▶ What this task involves
Exactly the lines below, starting with the one containing "A rarely seen Hans J. Wegner oak arm chair." and going on through the one containing "Very fine restored condition.", must be reproduced, both ends included, and no pictures with them.

▶ Records
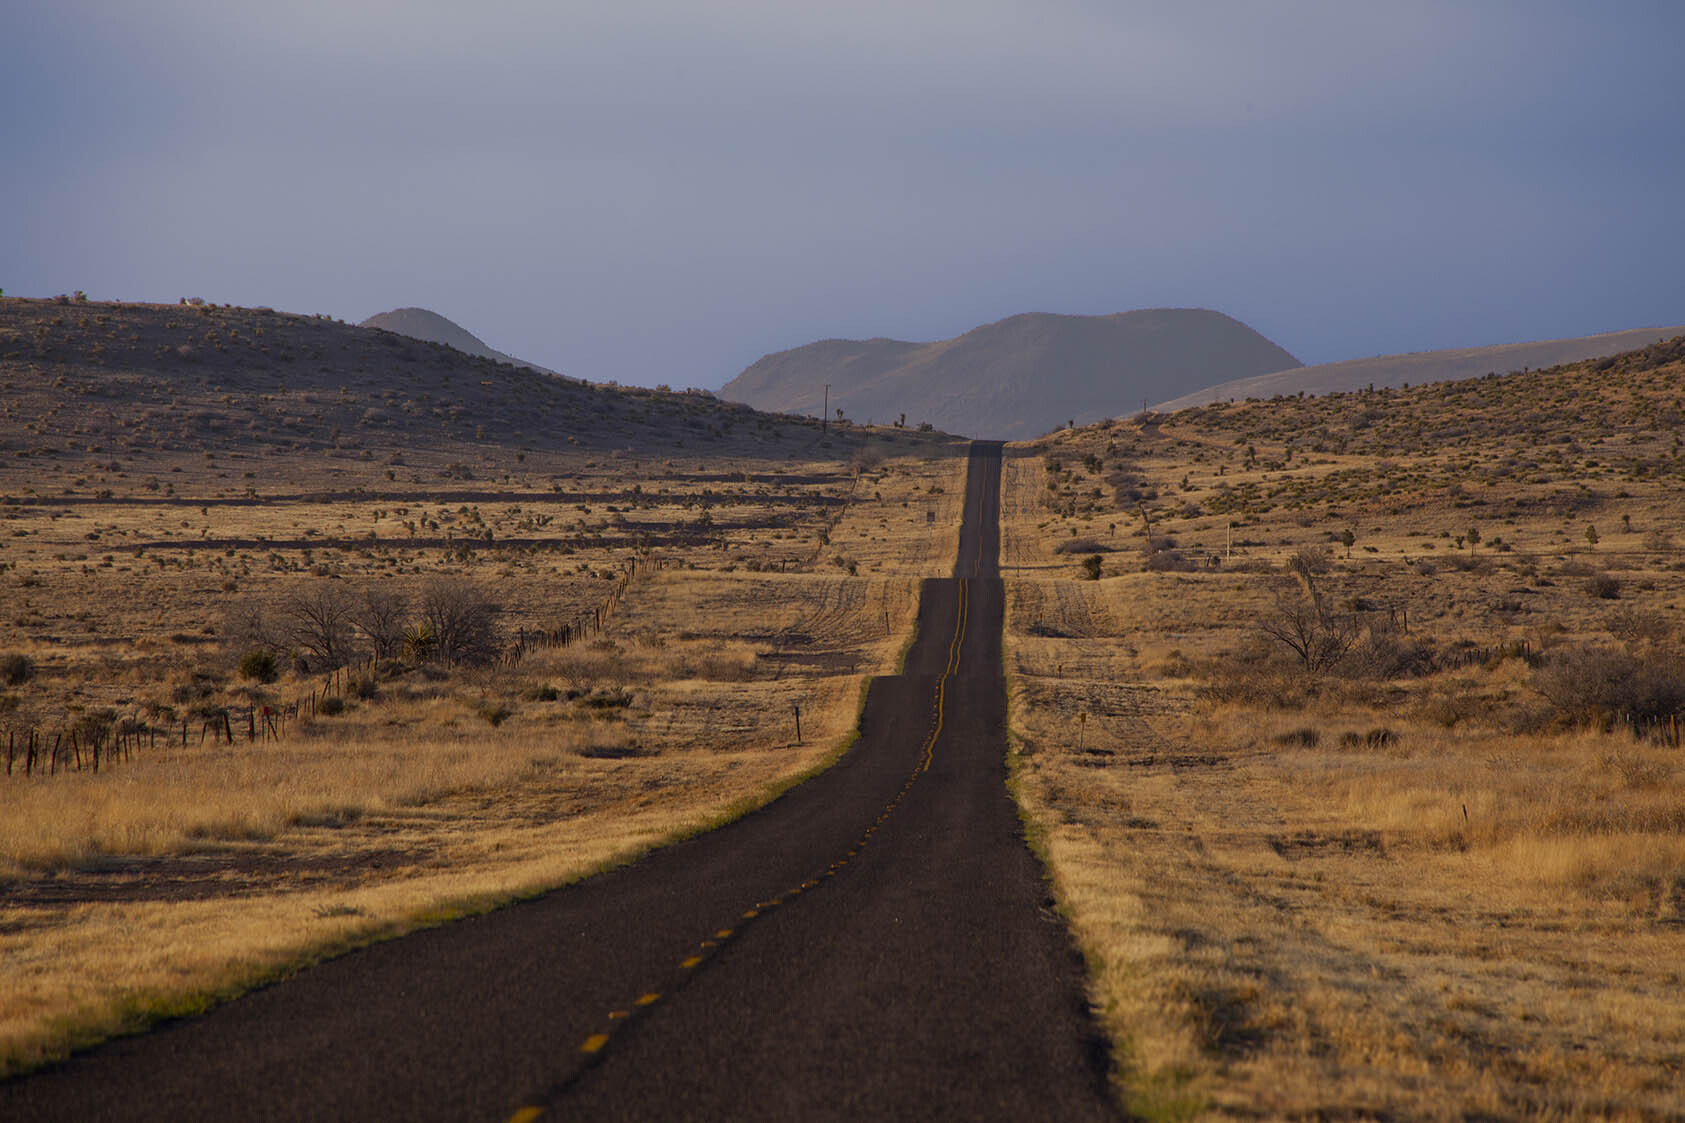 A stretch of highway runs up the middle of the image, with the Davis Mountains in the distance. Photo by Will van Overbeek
...
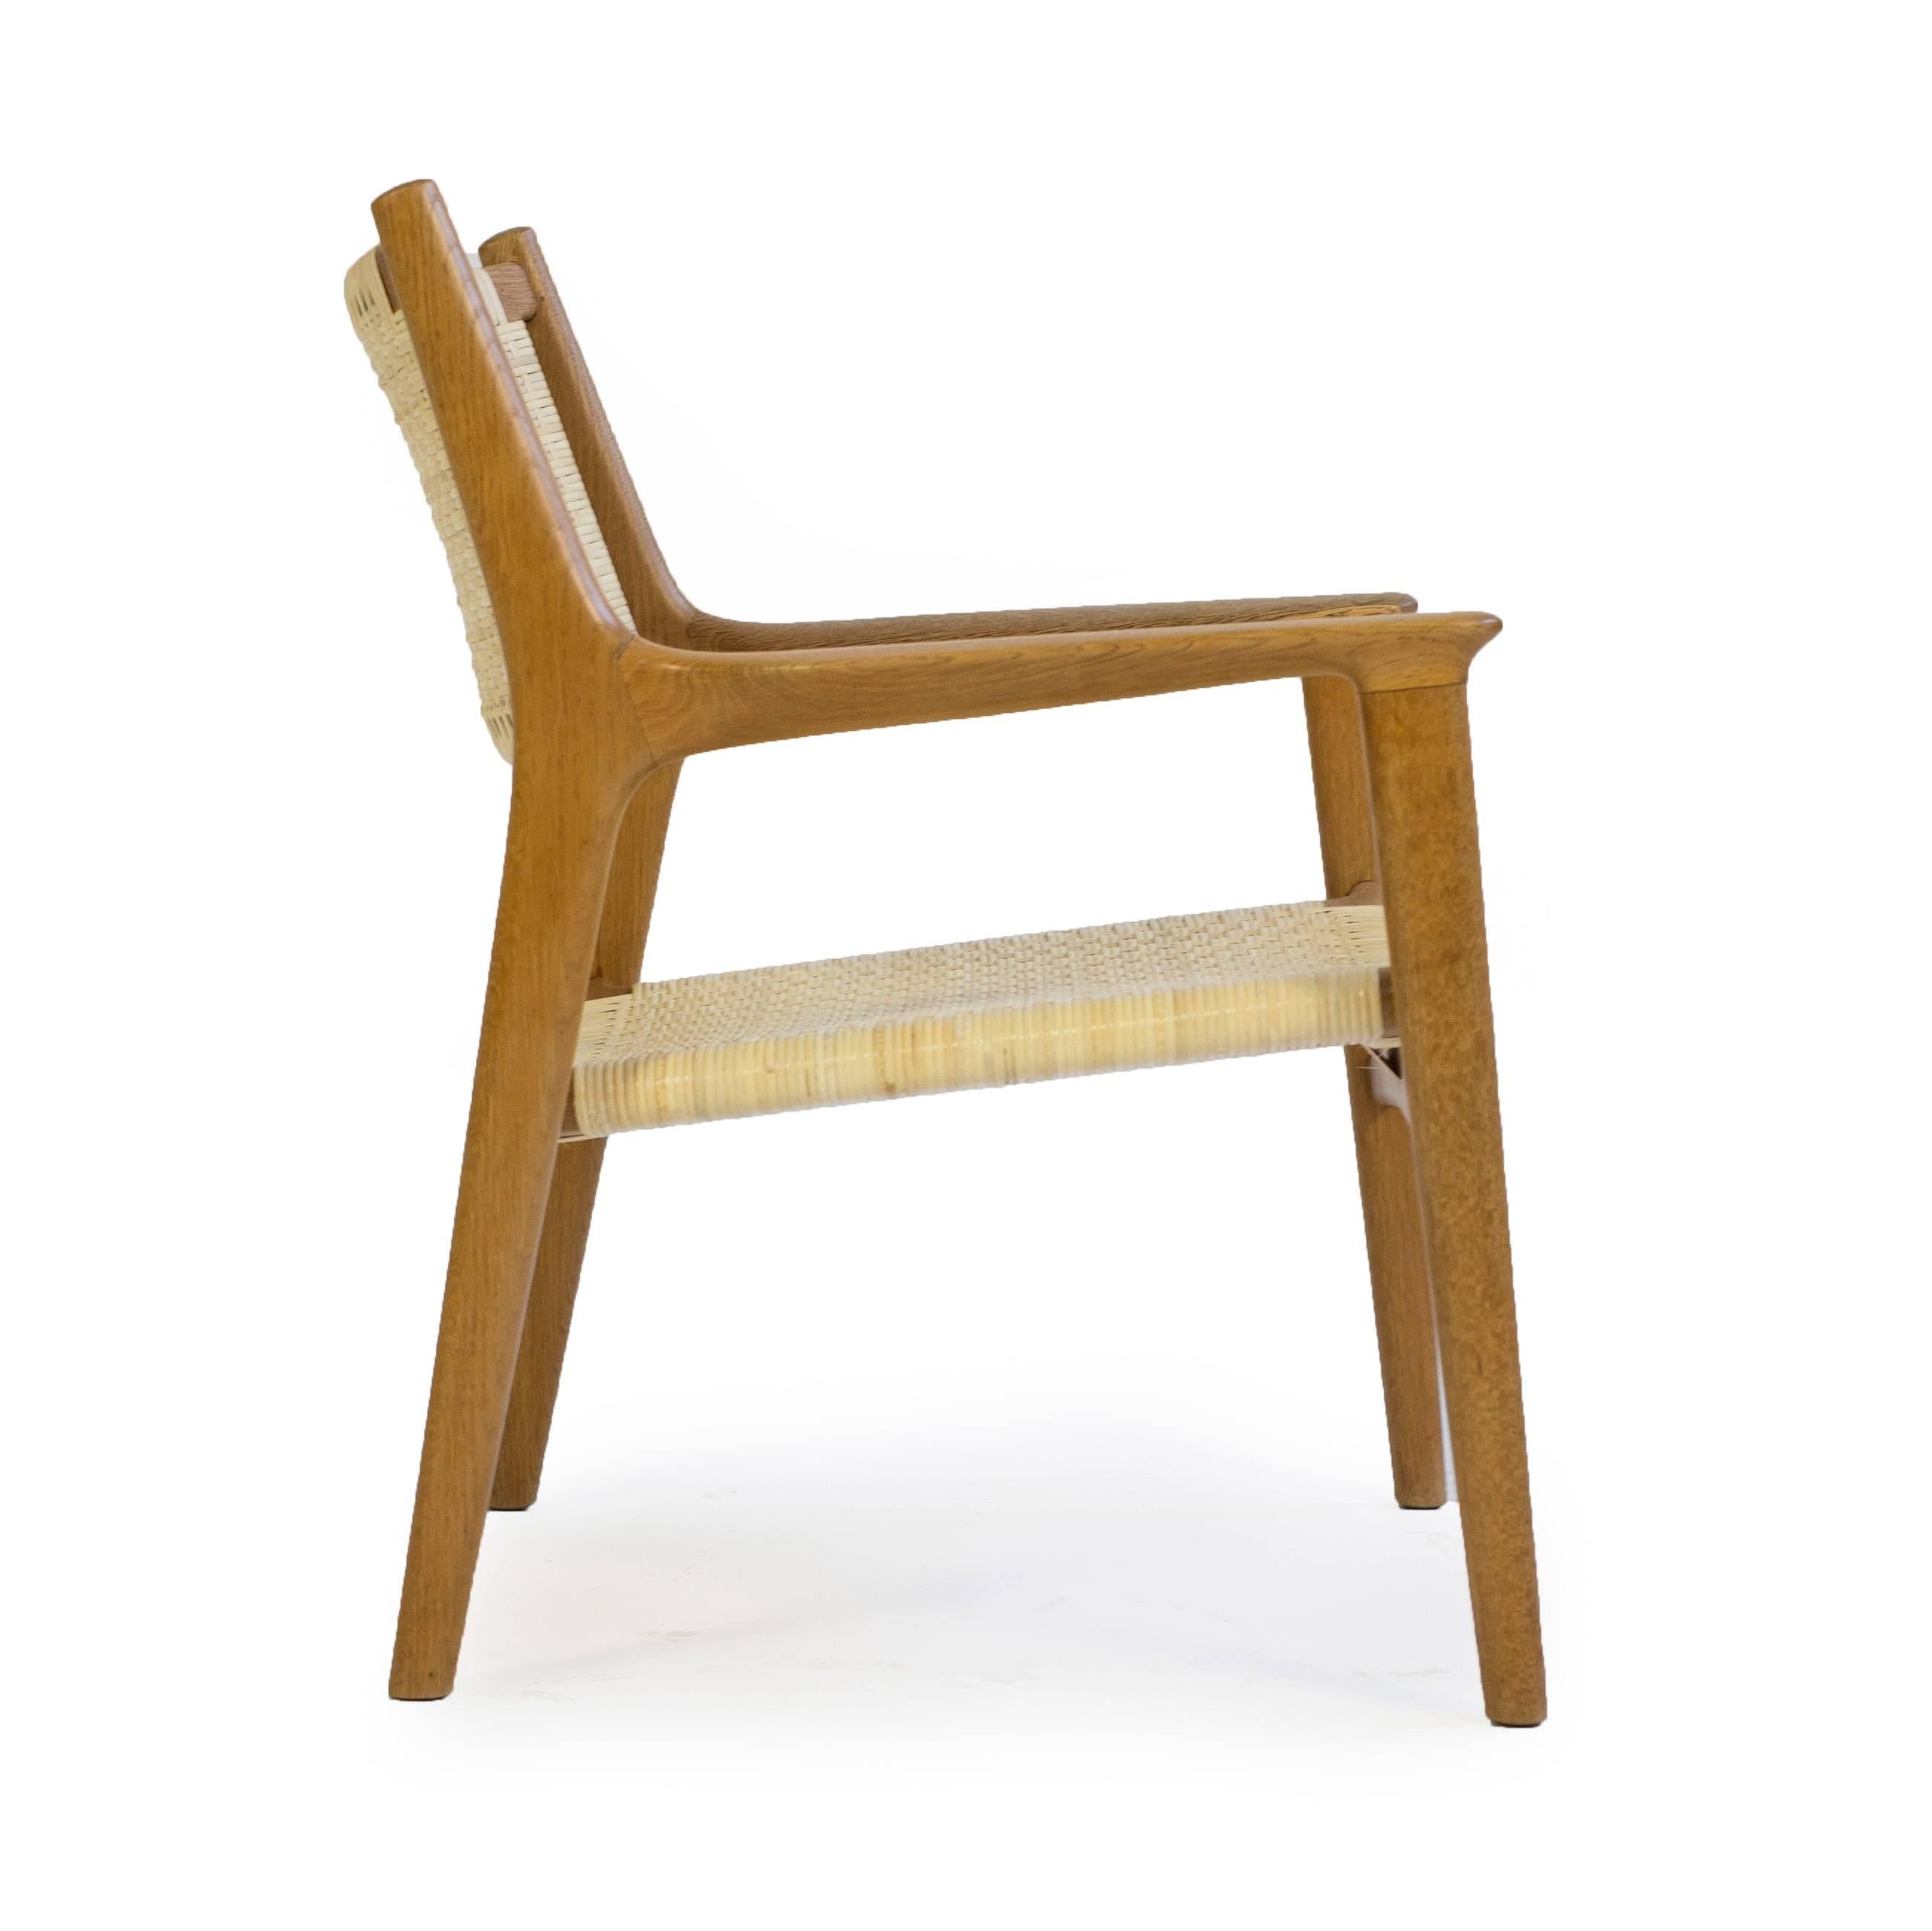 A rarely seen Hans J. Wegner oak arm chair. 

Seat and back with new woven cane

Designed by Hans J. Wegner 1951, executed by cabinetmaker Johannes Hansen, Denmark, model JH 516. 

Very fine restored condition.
--
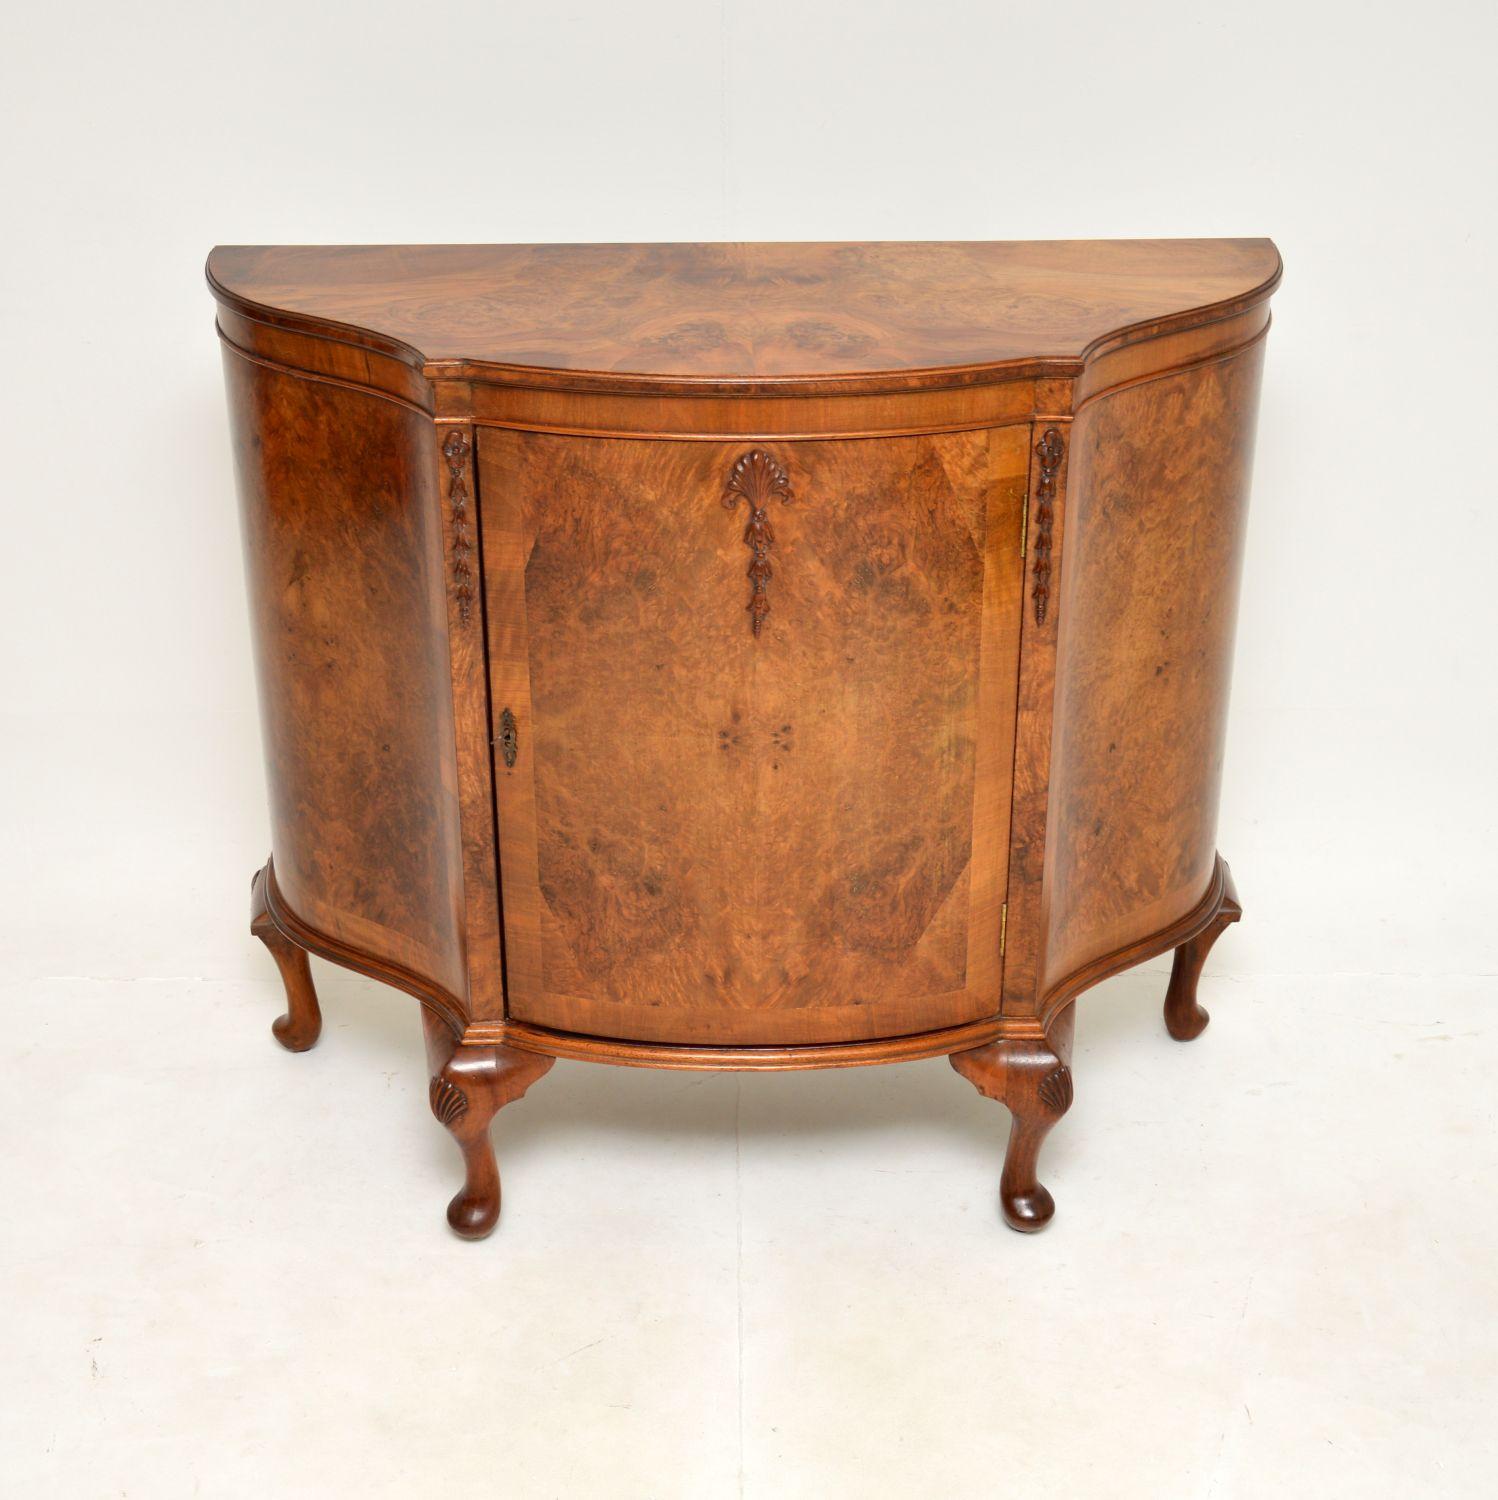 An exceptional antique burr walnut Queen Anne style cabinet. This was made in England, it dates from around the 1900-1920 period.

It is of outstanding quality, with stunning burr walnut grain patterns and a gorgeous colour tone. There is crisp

▶ Expected output
 A rarely seen Hans J. Wegner oak arm chair. 

Seat and back with new woven cane

Designed by Hans J. Wegner 1951, executed by cabinetmaker Johannes Hansen, Denmark, model JH 516. 

Very fine restored condition.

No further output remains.